Be thou not all unthankful—nor forget

As thou exultest in Imperial might

The benefits of the Electric Light.

III.

Some Remarks on Lambkin’s Prose Style

No achievement of my dear friend’s produced a greater effect than the English Essay which he presented at his examination. That so young a man, and a man trained in such an environment as his, should have written an essay at all was sufficiently remarkable, but that his work should have shown such mastery in the handling, such delicate balance of idea, and so much know-ledge (in the truest sense of the word), coupled with such an astounding insight into human character and contemporary psychology, was enough to warrant the remark of the then Warden of Burford: “If these things” (said the aged but eminent divine), “if these things” (it was said in all reverence and with a full sense of the responsibility of his position), “If these things are done in the green wood, what will be done in the dry?”

Truly it may be said that the Green Wood of Lambkin’s early years as an Undergraduate was worthily followed by the Dry Wood of his later life as a fellow and even tutor, nay, as a Bursar of his college.

It is not my purpose to add much to the reader’s own impressions of this tour de force, or to insist too strongly upon the skill and breadth of treatment which will at once make their mark upon any intelligent man, and even upon the great mass of the public. But I may be forgiven if I give some slight personal memories in interpretation of a work which is necessarily presented in the cold medium of type.
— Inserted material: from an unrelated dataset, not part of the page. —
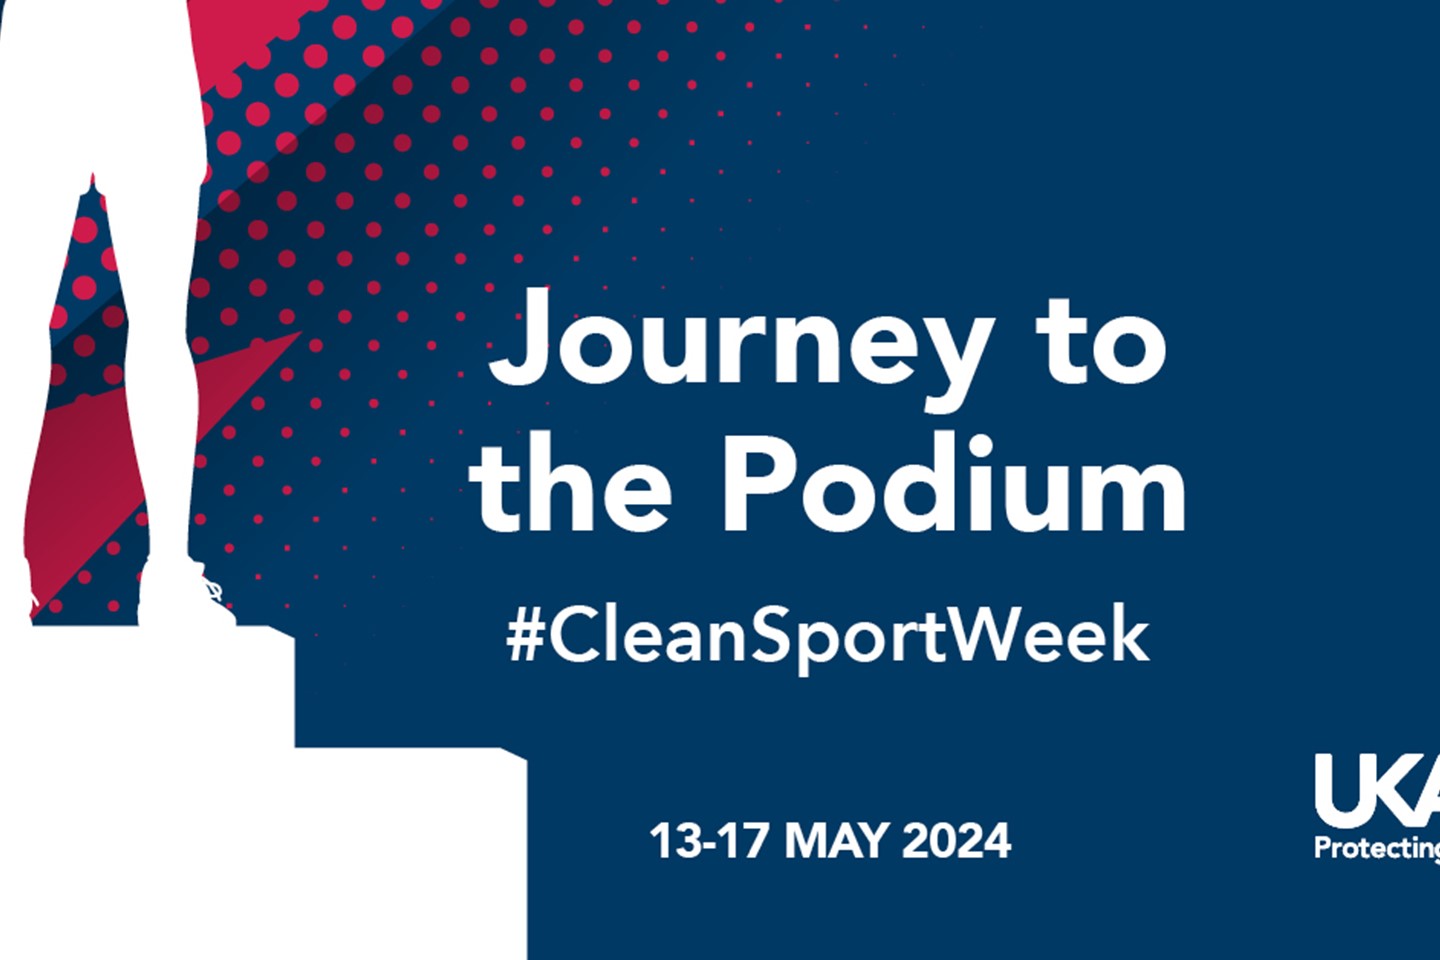 Clean Sport Week

Lambkin’s hand-writing was flowing and determined, but was often difficult to read, a quality which led in the later years of his life to the famous retort made by the Rural Dean of Henchthorp to the Chaplain of Bower’s Hall.[16] His manuscript was, like Lord Byron’s (and unlike the famous Codex V in the Vatican), remarkable for its erasures, of which as many as three may be seen in some places super-imposed, ladderwise, en échelle, the one above the other, perpendicularly to the line of writing.

This excessive fastidiousness in the use of words was the cause of his comparatively small production of written work; and thus the essay printed below was the labour of nearly three hours. His ideas in this matter were best represented by his little epigram on the appearance of Liddell and Scott’s larger Greek Lexicon. “Quality not quantity” was the witty phrase which he was heard to mutter when he received his first copy of that work.